I once was. You would

hardly recognize the boy

who at least had some promise

and risked talents, life and

opportunities for the sake

of a possessive, chronic

habit which he won’t shake off,

that holds him so hide-bound

he has all but lost



which seems to be

the way he wants it

given the merry way

he carries on with

no thought of past,

future, or of what

might become of him

once he wakes up

and finds himself without

means or ability

so sustain so religiously

his mystifying



Just you see-unless

he quits this habit it will eventually

carry him to the grave.


Amen, Alleluia!

This is a beautiful, well crafted statement of the simplicity of his vocational life.

The collection concludes with a few lines on the Cowl:


-solemn as chant

one sweep of fabric

from head to foot.


cowls hanging

on a row of pegs-

tall disembodied spirits

holding shadows

deep in the folds

waiting for light

for light to shift

waiting for a bell

for the reach of my hand

to spread out the slow

wings, release the

shadows and envelope my

prayer-hungry body

with light.

Sprinkled through these pages are many aspects of monastic life, some trivial, others significant. One, a brief seven lines, is entitled Weird Arithmetic

The middle cipher

in the word God is zero.

In the word good


stands zero x zero

naught times naught

equals all nothings lodged


in God’s open heart.


In a piece entitled The Laundry Number he describes the numbered identity of each monk.

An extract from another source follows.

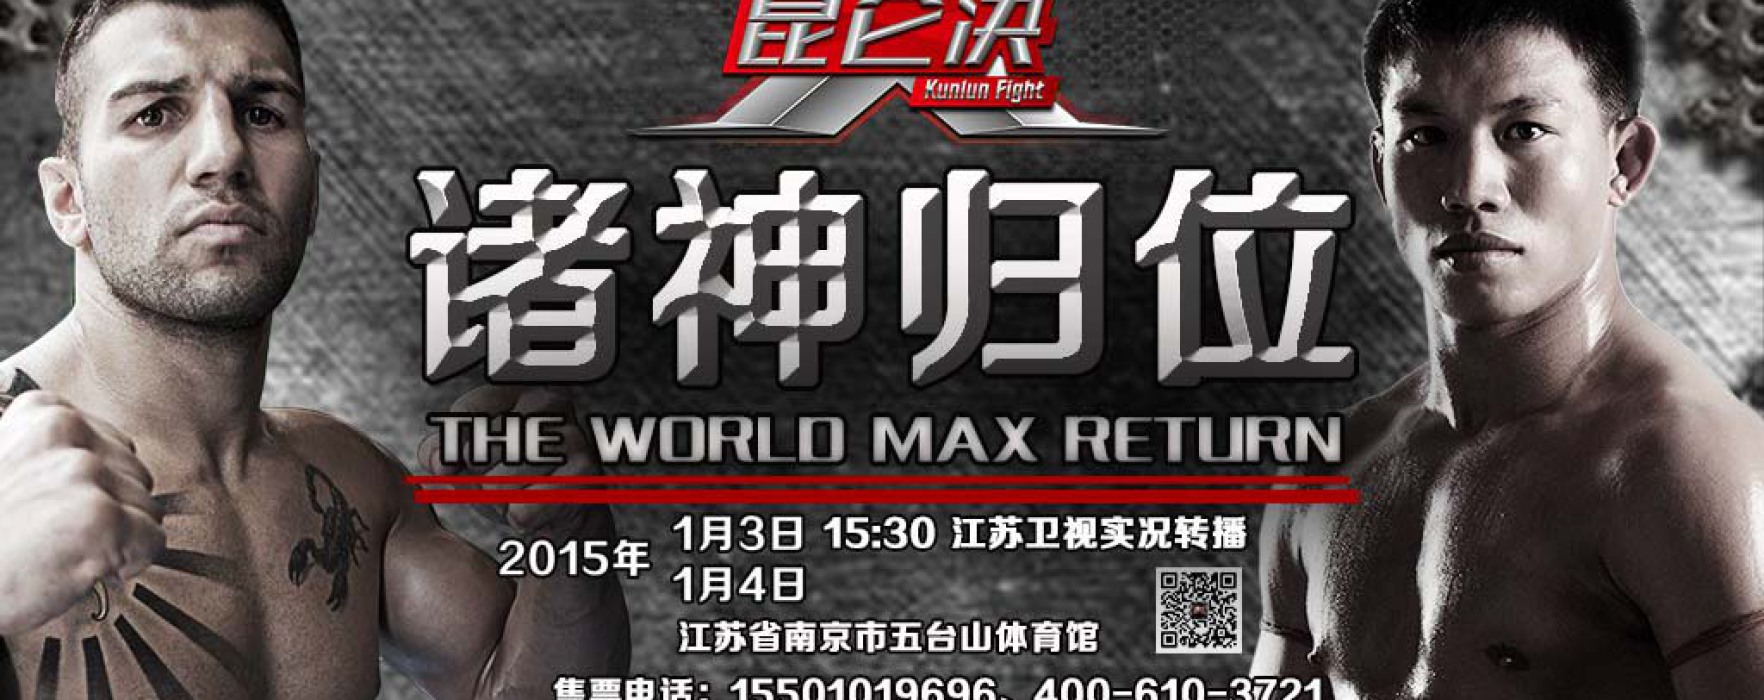 Video: Aikpracha Meenayotin vs Steve Moxon & Victor Nagbe at Kunlun Fight: The world max return – 4th January 2015
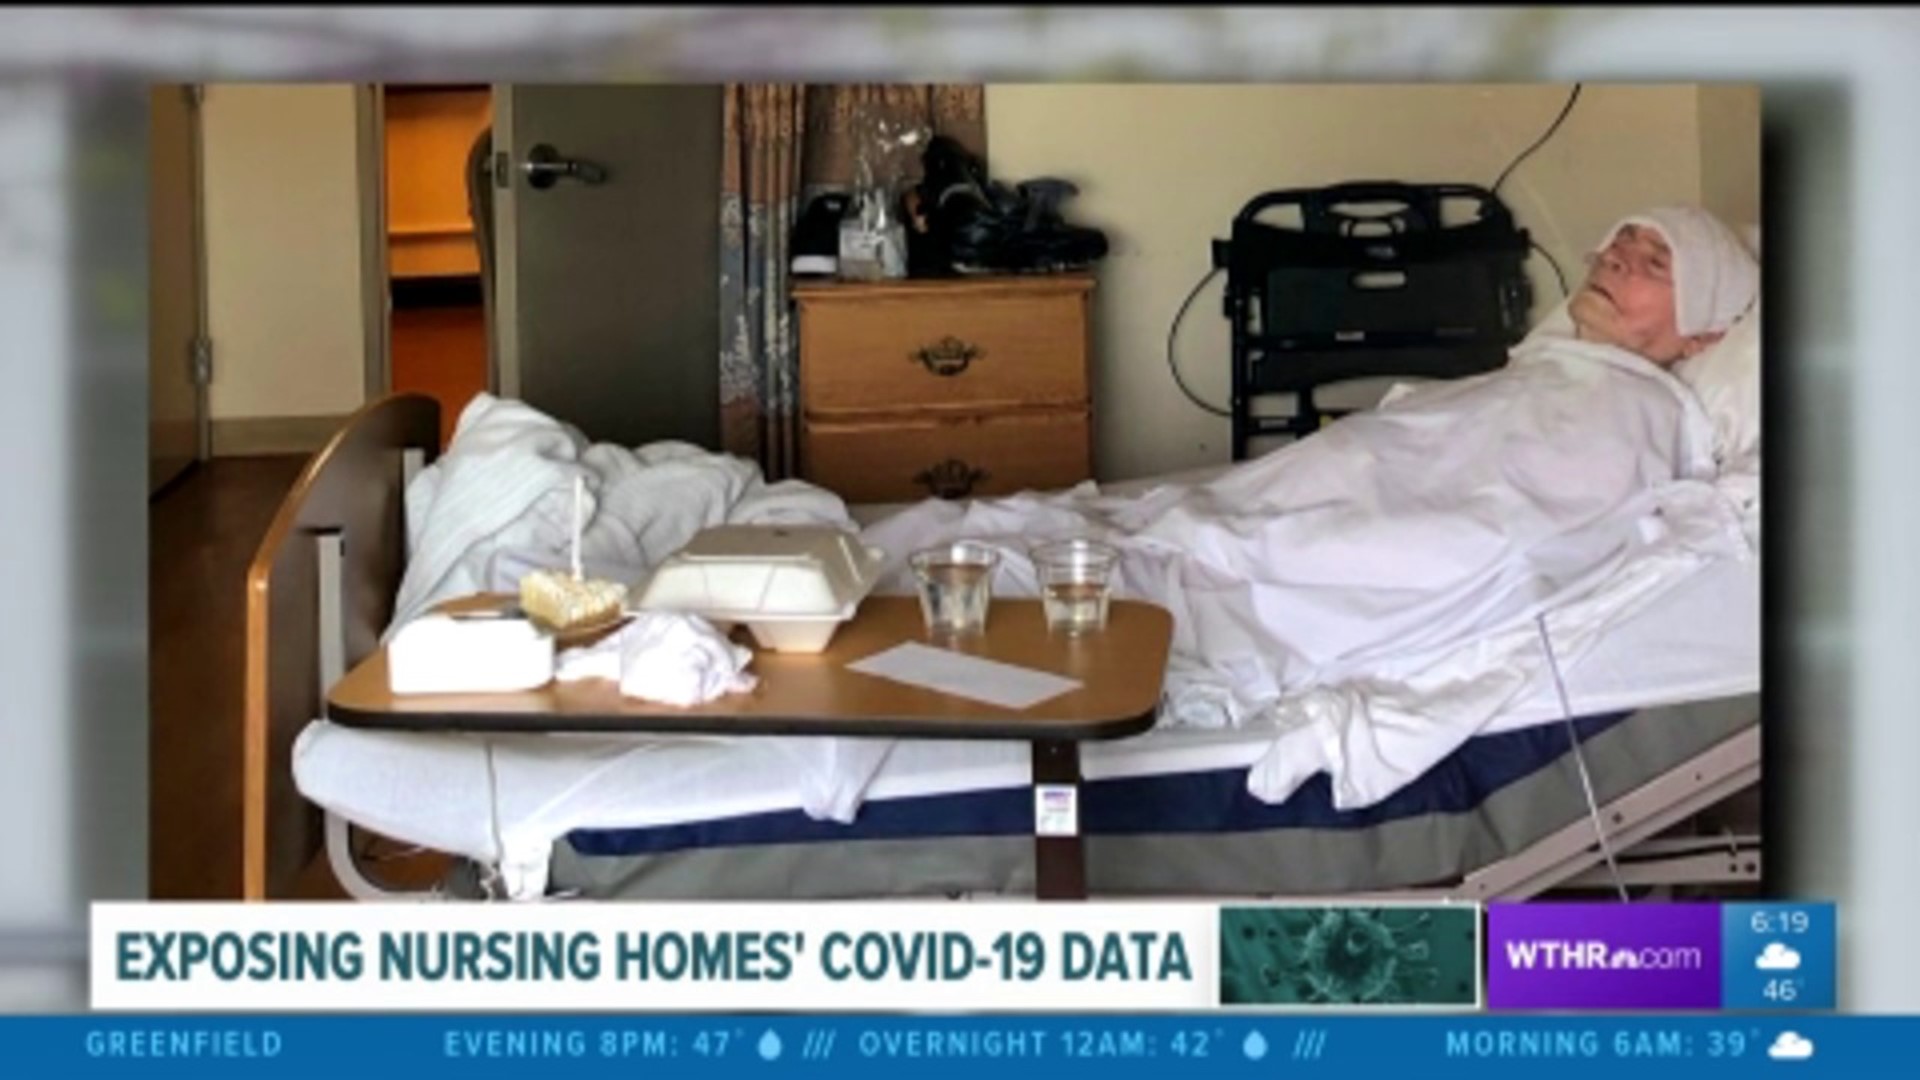 Exposing nursing homes' COVID-19 data

-patched inside the black collar

of each cowl and scapular is

a designated number

to sort out in the wash

whose is which and

what goes where.


Above each patch is

a loop that hangs on a peg-

a hanging cipher

for an unnamed person

who wears thin, wears

habitually the same habit

over and over

and owns not a stitch,

not a loop, not

a number, owns not

his very own body



even as he is

a God-owned body

in a God-owned garb

which hangs on a loop

in a row of pegs

a voiceless choir

answering each

to that high Ledger

where after the great

wash and agitation

the heat and pressure

that Searching Hand

will then sort out

who is who

and who belongs where

and will lift up and carefully

place each one

onto his own



Paul’s work is a deep mine of thoughtful reflection, the fruit of many years spent living his monastic life. In this collection of fifty poems and a number of photographic images, he offers us an opportunity of insight to a different place beyond our immediate experience. It is a privilege to share it with him.

Paul Quenon’s Collection ‘Monkswear’ is published by Fons Vitae Louisville KY.

ISBN 1-891785-15-X. It is well worth reading.